Читатель заметит, что описываю деяния не врознь, по годам, и дням, но совокупляю их для удобнейшего впечатления в памяти. Историк не Летописец: последний смотрит единственно на время, а первый на свойство и связь деяний: может ошибиться в распределении мест, но должен всему указать свое место.

Множество сделанных мною примечаний и выписок устрашает меня самого. Счастливы древние: они не ведали сего мелочного труда, в коем теряется половина времени, скучает ум, вянет воображение: тягостна жертва, приносимая достоверности, однако ж необходимая! Если бы все материалы были у нас собраны, изданы, очищены Критикою: то мне оставалось бы единственно ссылаться; но когда большая часть их в рукописях, в темноте; когда едва ли что обработано, изъяснено, соглашено — надобно вооружиться терпением. В воле Читателя заглядывать в сию пеструю смесь, которая служит иногда свидетельством, иногда объяснением или дополнением. Для охотников все бывает любопытно: старое имя, слово; малейшая черта древности дает повод к соображениям. С XV века уже менее выписываю: источники размножаются и делаются яснее.

Муж ученый и славный, Шлецер, сказал, что наша История имеет пять главных периодов; что Россия от 862 года до Святополка должна быть названа рождающеюся (Nascens), от Ярослава до Моголов — разделенною (Divisa), от Батыя до Иоанна III — угнетенною (Oppressa), от Иоанна до Петра Великого — победоносною (Victrix), от Петра до Екатерины II — процветающею. Сия мысль кажется мне более остроумною, нежели основательною.

1) Век Св. Владимира был уже веком могущества и славы, а не рождения.

2) Государство делилось и прежде 1015 года.

3) Если по внутреннему состоянию и внешним действиям России надобно означать периоды, то можно ли смешать в один время Великого Князя Димитрия Александровича и Донского, безмолвное рабство с победою и славою?

4) Век Самозванцев ознаменован более злосчастием, нежели победою.

Гораздо лучше, истиннее, скромнее История наша делится на Древнейшую — от Рюрика до Иоанна III, на Среднюю — от Иоанна до Петра, и Новую — от Петра до Александра. Система Уделов была характером первой эпохи, Единовластие — второй, изменение гражданских обычаев — третьей. Впрочем, нет нужды ставить грани там, где места служат живым урочищем.

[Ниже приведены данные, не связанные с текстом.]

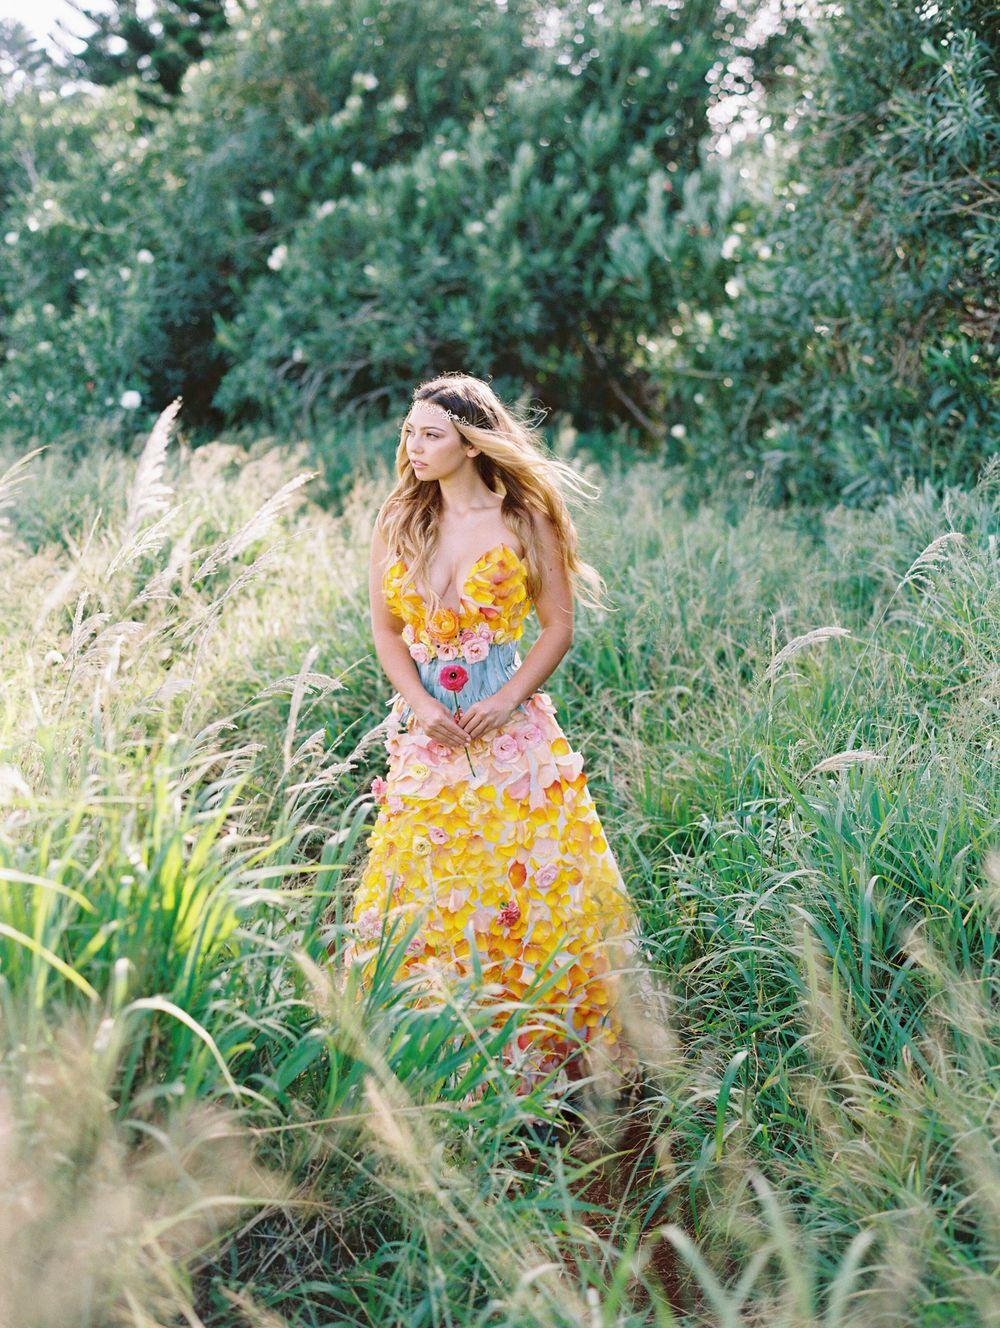 wendy.laurel.flower.dress.jpg

С охотою и ревностию посвятив двенадцать лет, и лучшее время моей жизни, на сочинение сих осьми или девяти Томов, могу по слабости желать хвалы и бояться охуждения; но смею сказать, что это для меня не главное. Одно славолюбие не могло бы дать мне твердости постоянной, долговременной, необходимой в таком деле, если бы не находил я истинного удовольствия в самом труде и не имел надежды быть полезным, то есть сделать Российскую Историю известнее для многих, даже и для строгих моих судей.

Благодаря всех, и живых и мертвых, коих ум, знания, таланты, искусство служили мне руководством, поручаю себя снисходительности добрых сограждан. Мы одно любим, одного желаем: любим отечество; желаем ему благоденствия еще более, нежели славы; желаем, да не изменится никогда твердое основание нашего величия; да правила мудрого самодержавия и святой веры более и более укрепляют союз частей; да цветет Россия… по крайней мере долго, долго, если на земле нет ничего бессмертного, кроме души человеческой!